WHAT TO PRODUCE: Set down exactly the lines below between the line holding "GARMIN SOFTWARE ENHANCEMENT" and the line holding "ocean-wallpaper-66 Try these", inclusive; no other line belongs in the answer.

RECORDED DATA:
┄┄┄┄┄┄┄┄┄┄┄┄┄┄┄┄┄┄┄┄
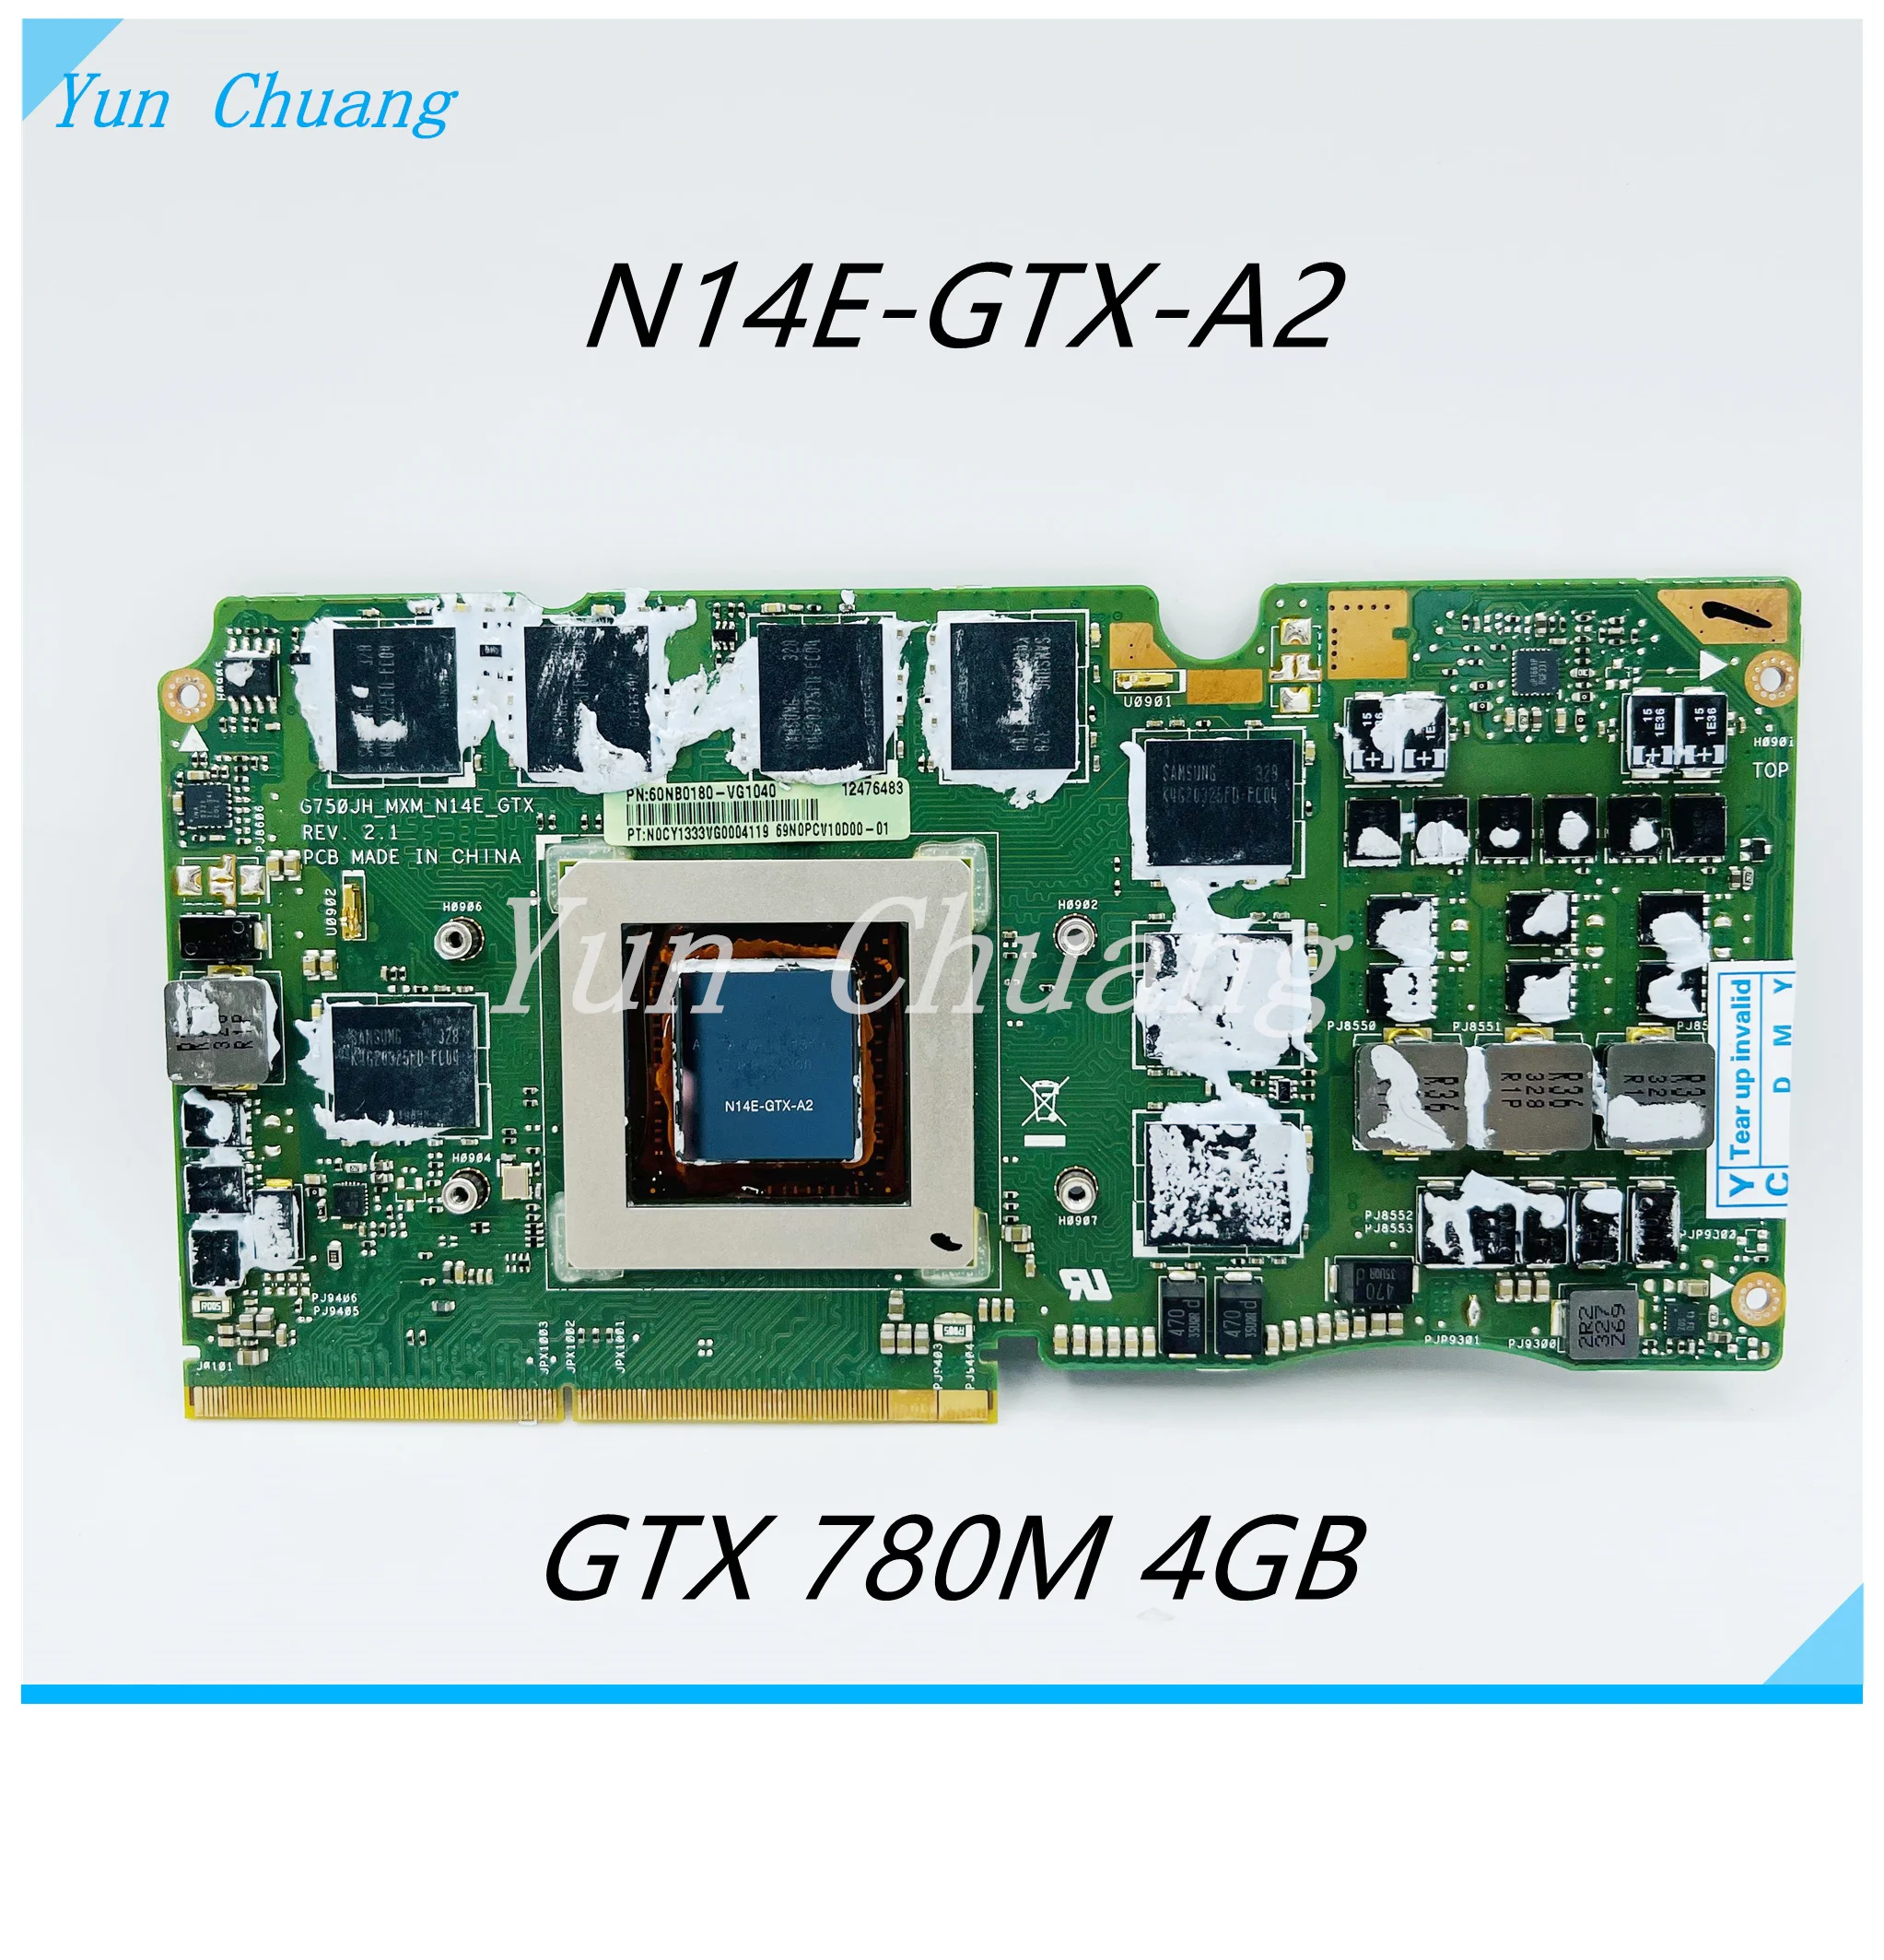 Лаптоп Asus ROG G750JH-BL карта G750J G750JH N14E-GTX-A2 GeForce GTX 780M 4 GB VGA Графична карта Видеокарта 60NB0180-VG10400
┄┄┄┄┄┄┄┄┄┄┄┄┄┄┄┄┄┄┄┄
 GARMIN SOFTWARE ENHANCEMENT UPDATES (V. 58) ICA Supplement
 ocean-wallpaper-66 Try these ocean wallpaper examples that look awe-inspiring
┄┄┄┄┄┄┄┄┄┄┄┄┄┄┄┄┄┄┄┄
RESPONSE TO THE TASK:
 GARMIN SOFTWARE ENHANCEMENT UPDATES (V. 58) ICA Supplement
 ocean-wallpaper-66 Try these ocean wallpaper examples that look awe-inspiring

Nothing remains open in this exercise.